▸ **ACTIVITY**:
Each line of the material below is to be given again exactly.

══════

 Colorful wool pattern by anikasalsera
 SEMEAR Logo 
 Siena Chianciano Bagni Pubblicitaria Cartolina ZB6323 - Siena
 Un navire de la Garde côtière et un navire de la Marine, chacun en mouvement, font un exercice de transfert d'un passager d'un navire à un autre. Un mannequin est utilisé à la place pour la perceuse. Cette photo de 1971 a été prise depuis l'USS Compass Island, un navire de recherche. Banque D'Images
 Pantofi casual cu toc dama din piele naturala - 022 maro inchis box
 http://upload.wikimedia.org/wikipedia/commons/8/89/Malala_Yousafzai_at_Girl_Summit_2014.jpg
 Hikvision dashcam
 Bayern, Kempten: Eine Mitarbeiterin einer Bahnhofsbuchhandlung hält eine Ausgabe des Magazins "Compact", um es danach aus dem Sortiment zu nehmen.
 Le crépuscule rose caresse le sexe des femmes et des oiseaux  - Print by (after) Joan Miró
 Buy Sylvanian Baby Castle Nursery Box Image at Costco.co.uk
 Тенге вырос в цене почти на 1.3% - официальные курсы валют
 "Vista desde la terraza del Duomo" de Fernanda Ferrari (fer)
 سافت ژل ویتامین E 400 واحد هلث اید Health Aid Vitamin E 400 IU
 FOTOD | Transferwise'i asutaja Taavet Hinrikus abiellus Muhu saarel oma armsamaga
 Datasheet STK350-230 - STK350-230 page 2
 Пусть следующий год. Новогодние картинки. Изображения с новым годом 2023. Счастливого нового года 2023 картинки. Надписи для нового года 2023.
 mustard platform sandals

══════

▸ **ANSWER TO THIS TASK**:
 Colorful wool pattern by anikasalsera
 SEMEAR Logo 
 Siena Chianciano Bagni Pubblicitaria Cartolina ZB6323 - Siena
 Un navire de la Garde côtière et un navire de la Marine, chacun en mouvement, font un exercice de transfert d'un passager d'un navire à un autre. Un mannequin est utilisé à la place pour la perceuse. Cette photo de 1971 a été prise depuis l'USS Compass Island, un navire de recherche. Banque D'Images
 Pantofi casual cu toc dama din piele naturala - 022 maro inchis box
 http://upload.wikimedia.org/wikipedia/commons/8/89/Malala_Yousafzai_at_Girl_Summit_2014.jpg
 Hikvision dashcam
 Bayern, Kempten: Eine Mitarbeiterin einer Bahnhofsbuchhandlung hält eine Ausgabe des Magazins "Compact", um es danach aus dem Sortiment zu nehmen.
 Le crépuscule rose caresse le sexe des femmes et des oiseaux  - Print by (after) Joan Miró
 Buy Sylvanian Baby Castle Nursery Box Image at Costco.co.uk
 Тенге вырос в цене почти на 1.3% - официальные курсы валют
 "Vista desde la terraza del Duomo" de Fernanda Ferrari (fer)
 سافت ژل ویتامین E 400 واحد هلث اید Health Aid Vitamin E 400 IU
 FOTOD | Transferwise'i asutaja Taavet Hinrikus abiellus Muhu saarel oma armsamaga
 Datasheet STK350-230 - STK350-230 page 2
 Пусть следующий год. Новогодние картинки. Изображения с новым годом 2023. Счастливого нового года 2023 картинки. Надписи для нового года 2023.
 mustard platform sandals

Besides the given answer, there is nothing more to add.